Moreover, the study stresses the necessity of creating partnerships with established international battery cell producers. These are essential, as they will allow rapid technology transfer and access to world-class research and development as well as to proven manufacturing processes. In turn, these would reduce risk and accelerate the achievement of commercial scale production. South Africa’s status, as a jurisdiction with a transparent legal framework, a record of developing large industrial projects, and a solid intellectual property regime, makes very feasible the attracting of the quality of technical partner necessary for the project.

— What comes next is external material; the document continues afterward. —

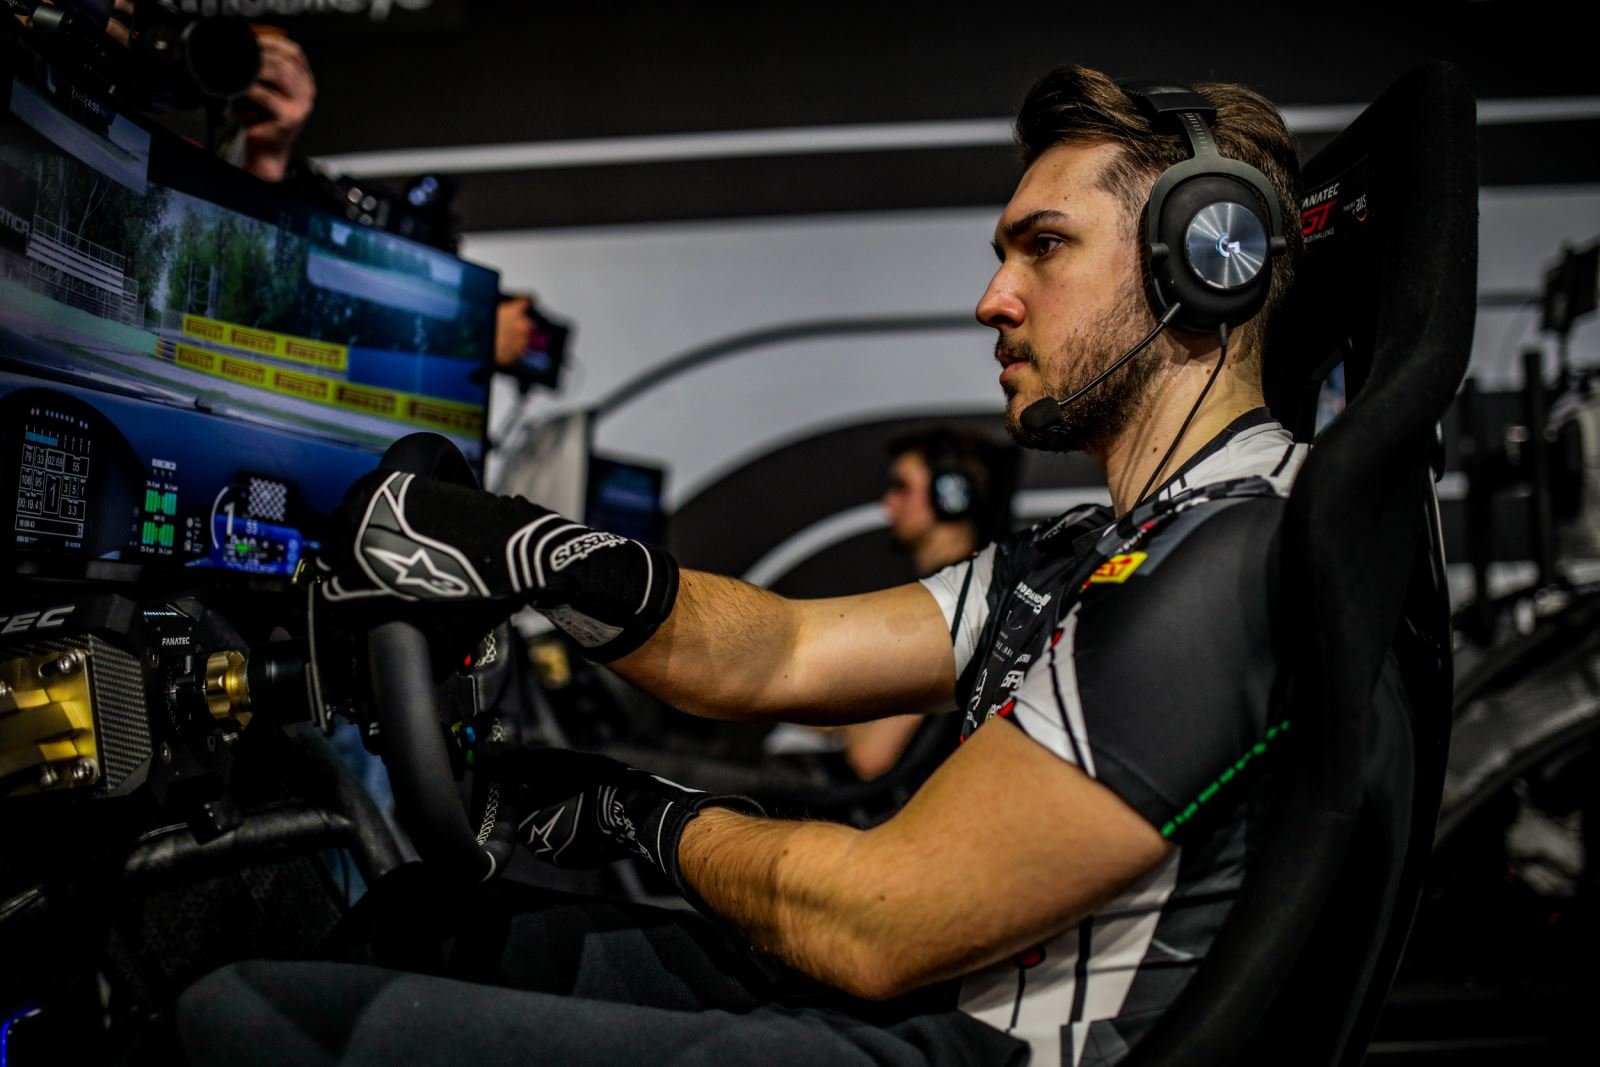 The best of real and virtual collide again as the SRO Esports season heads to Circuit Paul Ricard

Partnerships will also accelerate market access. The African market should be prioritised. This should include sector-specific partnerships within the region, such as with mining, telecommunications, agricultural and even utility companies, for off-grid or back-up power applications.

Setting up the gigafactory could take three years. The needed infrastructure upgrades at the Atlantis SEZ would take about the same time. Legislative approval could take 12 months. The project would have to adhere to all environmental, social and governance regulations and obtain the required approvals. Some customers might need specific certifications, while batteries for automotive applications could need homologation by the NRCS for the parts that will have to be imported.

Conclusion

“South Africa does not need to be a passive consumer of the global energy transition,” affirms LSF CEO Irshaad Kathrada. “This feasibility study makes a compelling case that we have the minerals, the location, the industrial base, and the policy framework to be a manufacturer and exporter of the technologies that will power the transition. The market is here. The demand signal is clear and growing. What is needed now is coordinated commitment from government, industry, and capital to translate that opportunity into production capacity. The LSF looks forward to working with all stakeholders to take this forward.”